Not wanting to be a retiree who focused on lawn maintenance to keep busy, Joe promptly applied to the Peace Corps and received a position with an environmental agency in Falmouth, Jamaica, just a few miles from Montego Bay where Ellen and he had spent their honeymoon. After that stint, Joe and Ellen enjoyed many more trips and adventures together. They loved spending time with their six children and their families, which includes 19 grandchildren. At 6 feet, 7 inches tall, he was humble and disliked talking about himself. He was often referred to as the “gentle giant.” He loved singing and dancing throughout his life. Prayer was always his foundation and center. Joe’s legacy was a love for the mountains and the outdoors, a strong faith that sustained him through hard times, a keen intelligence and passion for reading, a sharp sense of humor, and an overriding love for his family.

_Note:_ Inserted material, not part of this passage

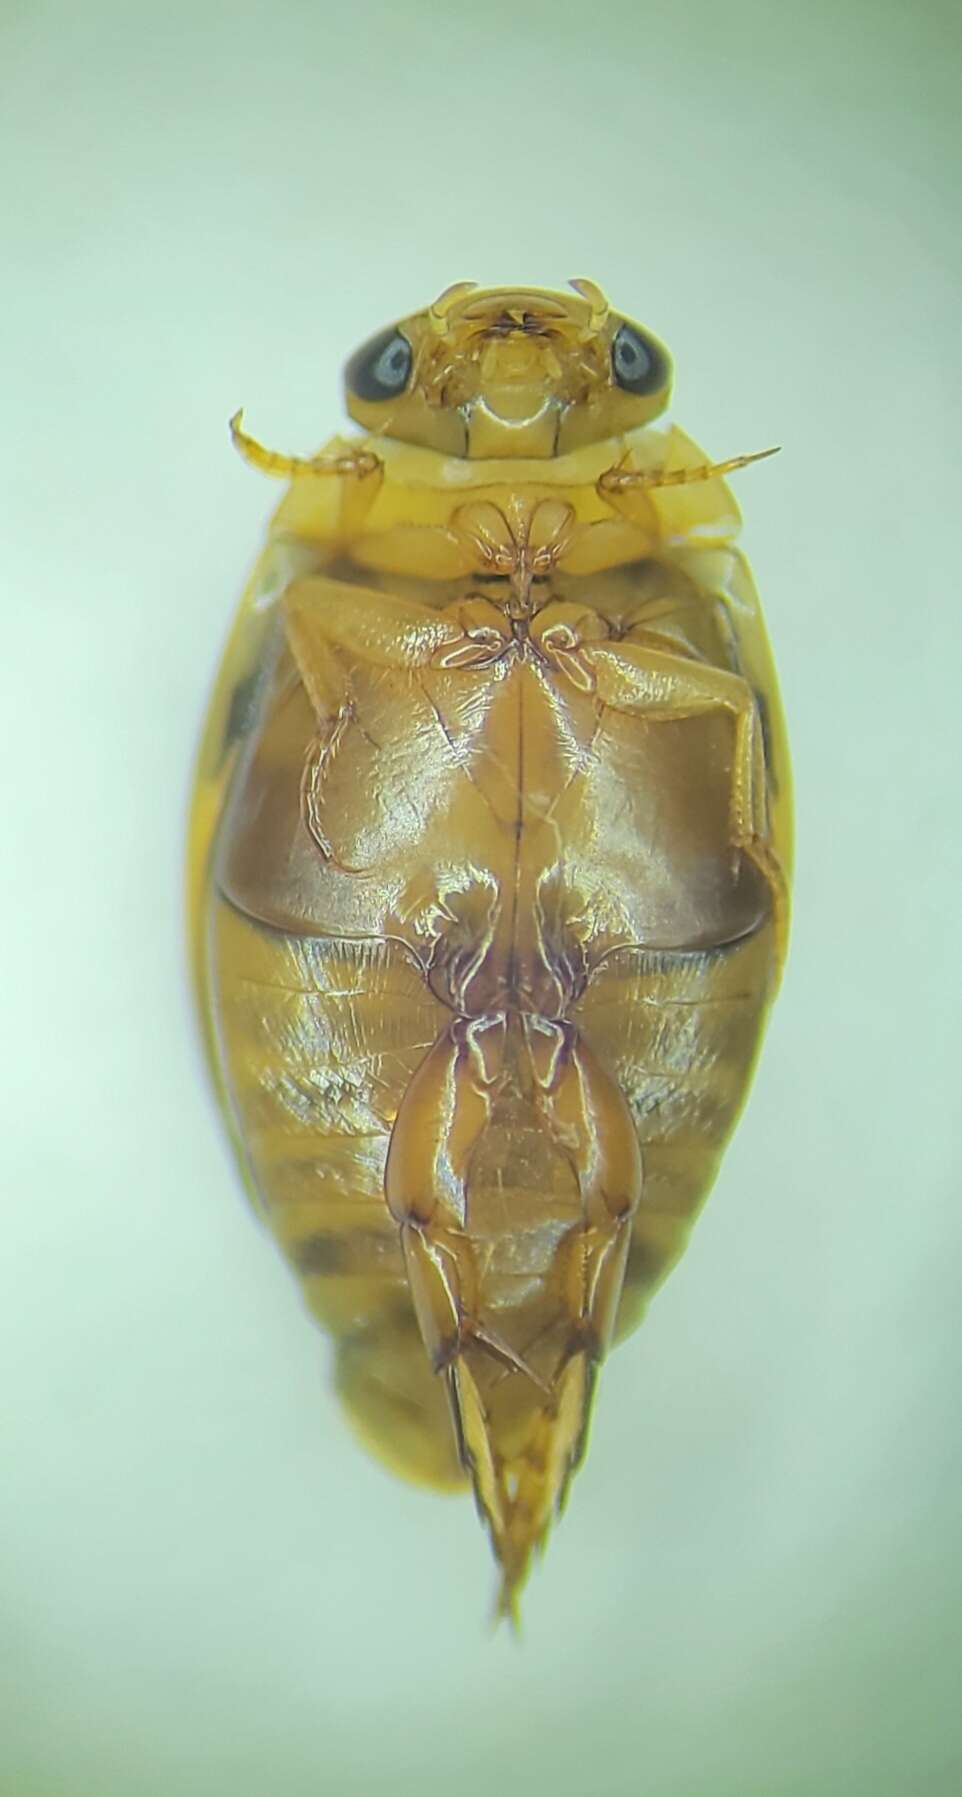 Image of Laccophilus maculosus shermani Leech 1944

Joe was preceded in death by his parents, his sisters Margaret Coder and Marian Anciaux, and his granddaughter Abigail Hope Ries.

He is survived by his wife, Ellen; and his six children, John Ries (Susannah) and children Violet and Gavin; Elizabeth Ries and children Maxwell and Lucinda Simpson; Justin Ries (Linda) and children Megan and William Ries; Matthew Ries (Alicia) and children Sarah, Katie, Sophia, Rebecca, David and Thomas; Mary Ries Nguyen (Frank) and children Joshua, Emily and Madeline; and Margaret Ries Frohlich (Joseph) and children Elise, Lily and James. He is also survived by numerous nieces and nephews.

A rosary will be said at 10 a.m. Saturday, Sept. 3, at St. Matthew’s Catholic Church in Kalispell. A funeral Mass to celebrate Joe’s life will begin at 11 a.m. A luncheon will follow downstairs in the fellowship hall.